The complete listing goes into the output exactly, without its pictures.
---- SOURCE MATERIAL
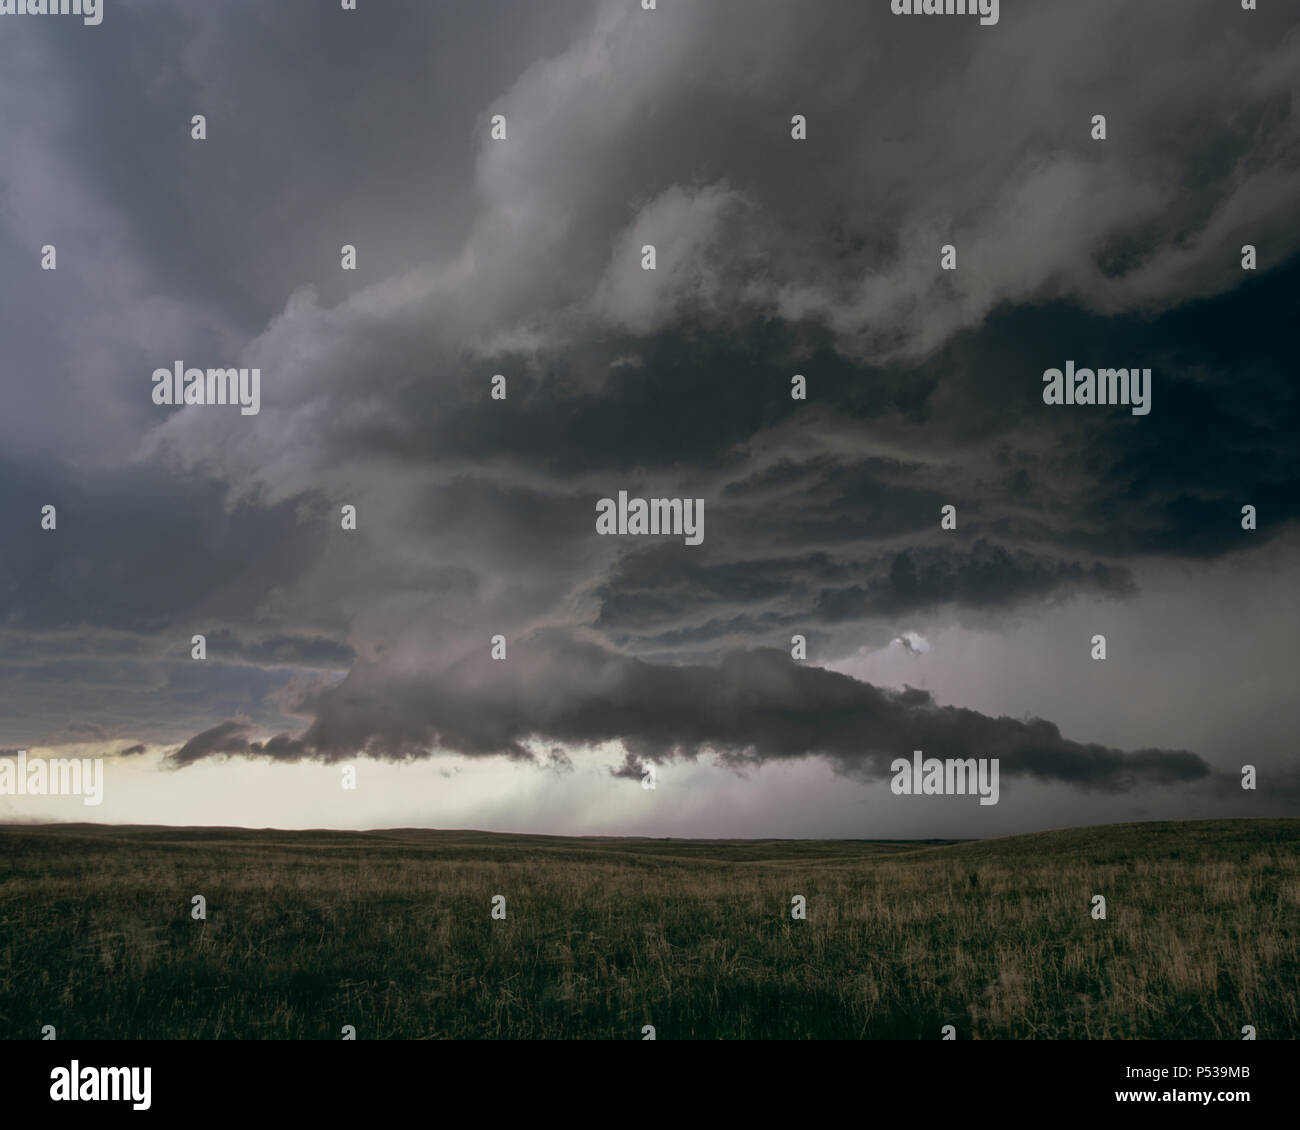 A wall cloud forms under a rotating supercell thunderstorm, over farmland in Nebraska, USA Stock Photo
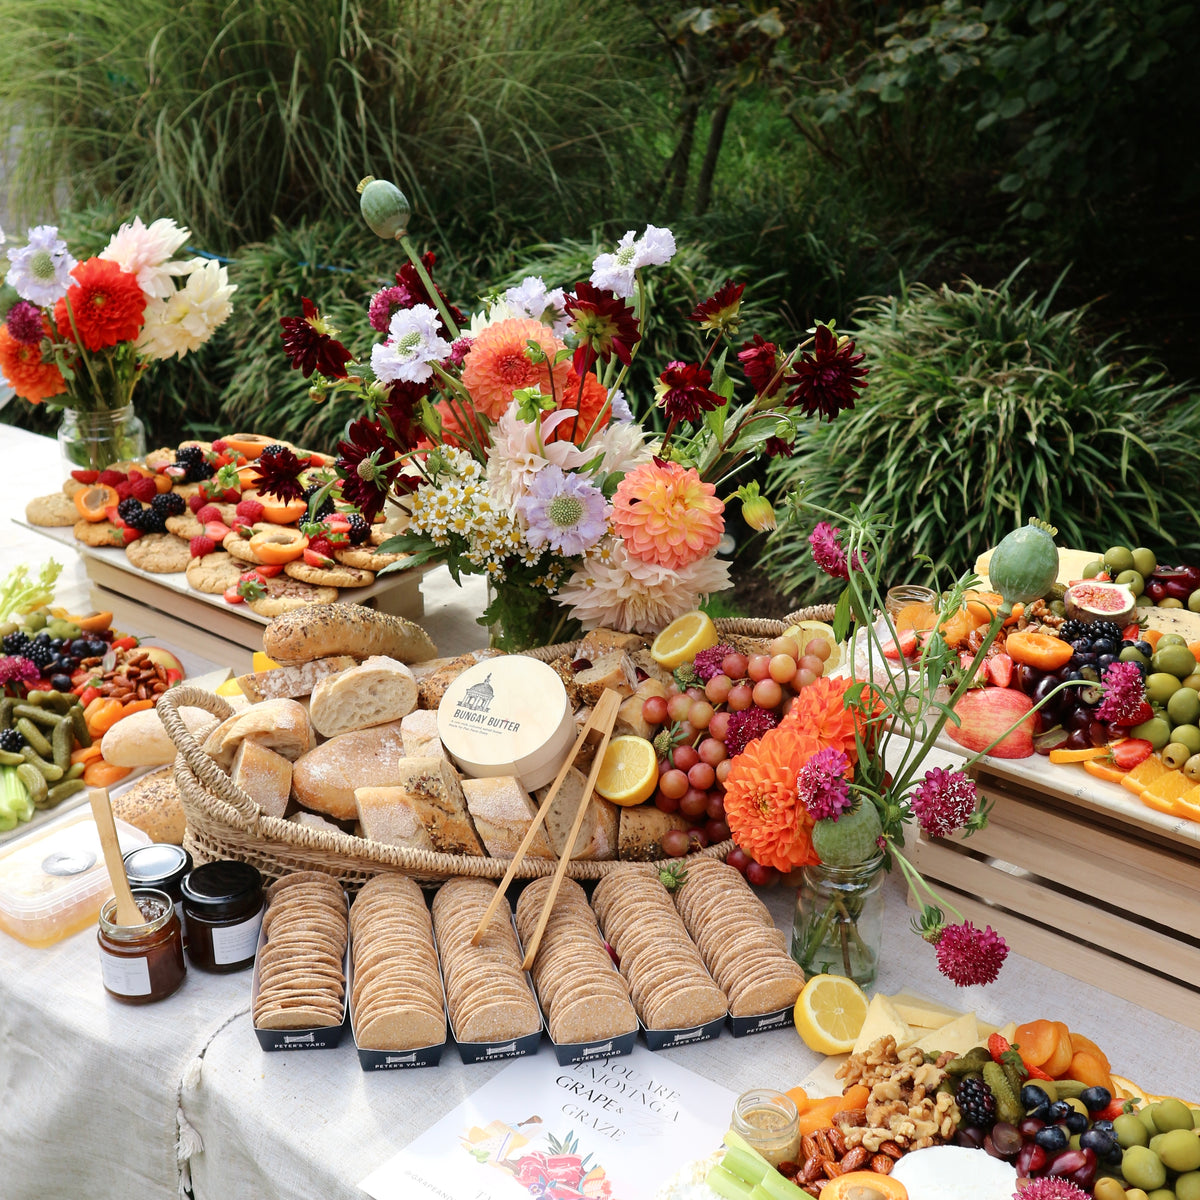 Bespoke Catering Services (from £1.2k)
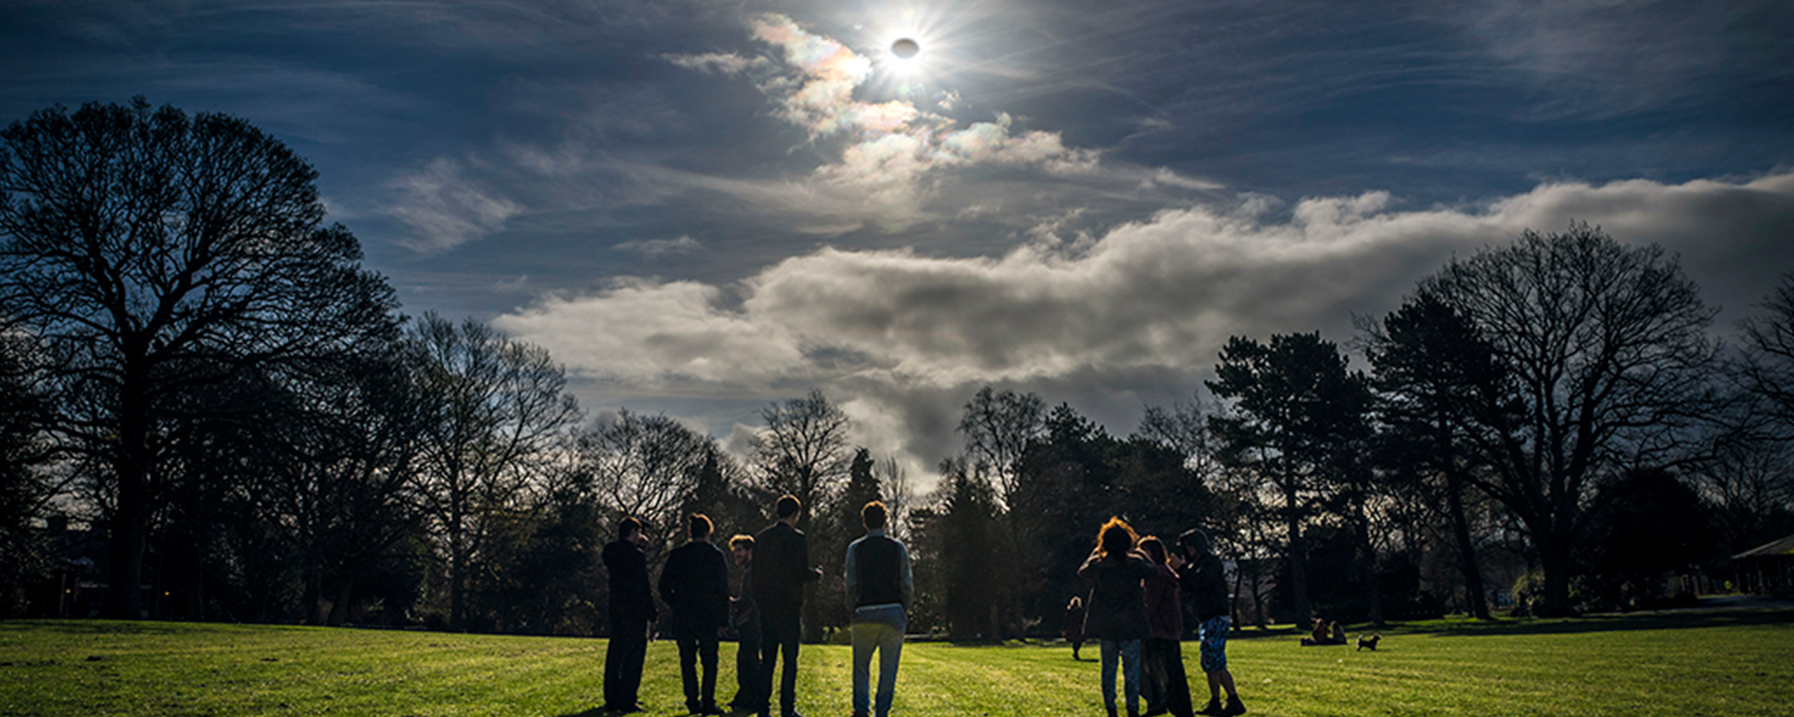 People Watching a Solar Eclipse
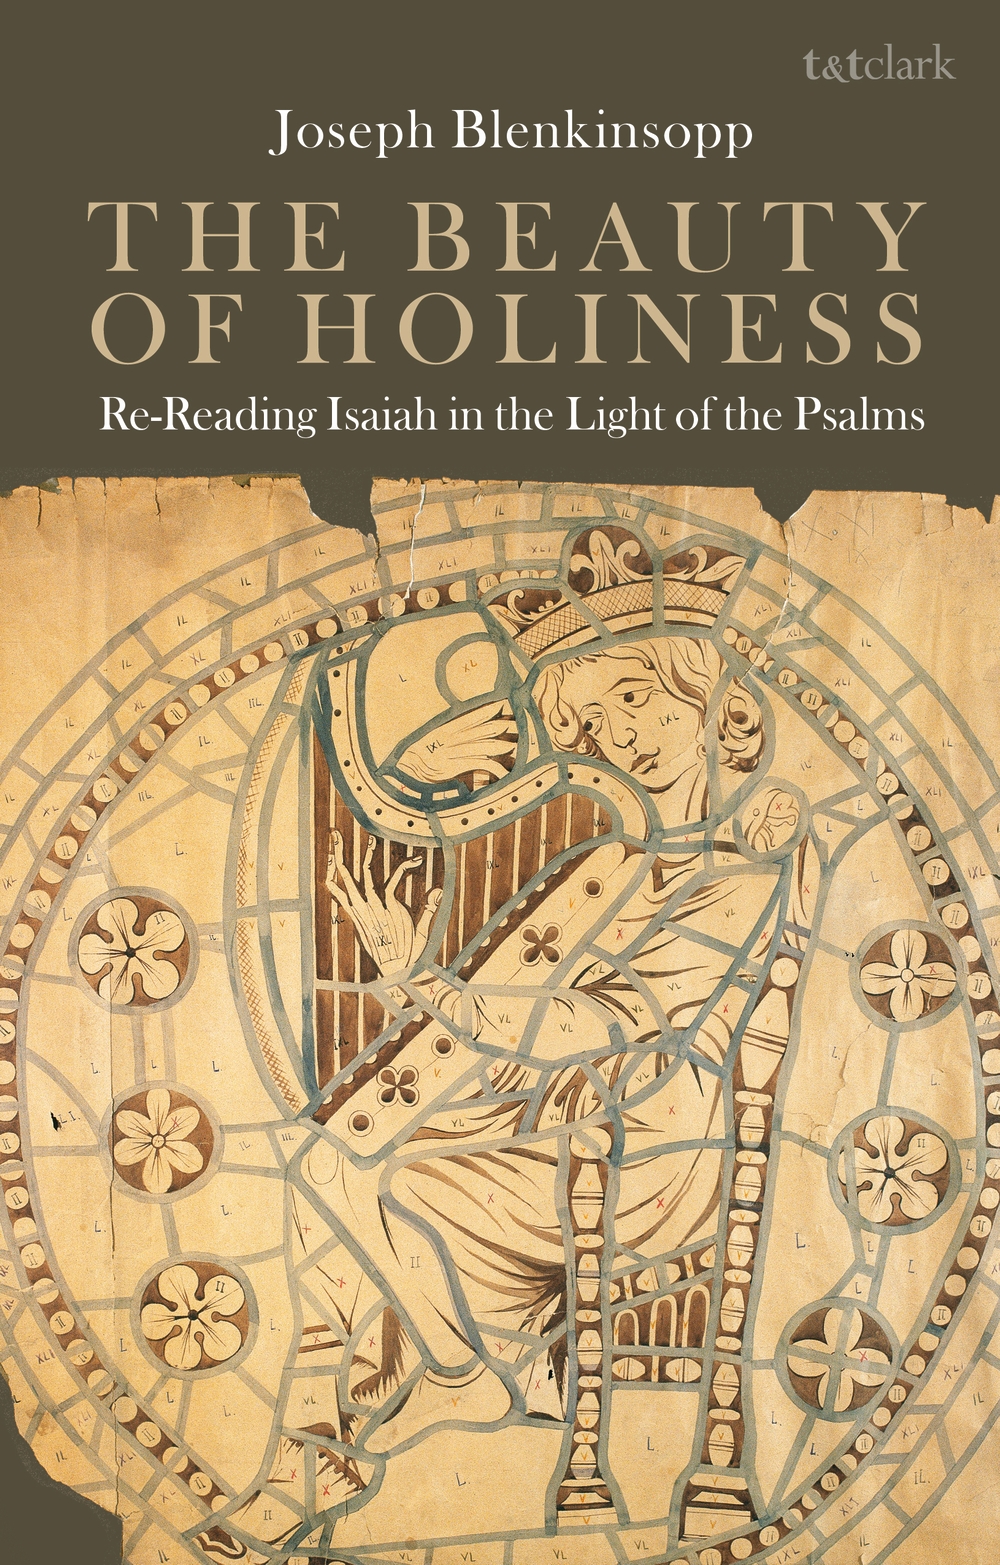 The Beauty of Holiness - 15-24.99
--------
▶ [REPLY]:
 A wall cloud forms under a rotating supercell thunderstorm, over farmland in Nebraska, USA Stock Photo
 Bespoke Catering Services (from £1.2k)
 People Watching a Solar Eclipse
 The Beauty of Holiness - 15-24.99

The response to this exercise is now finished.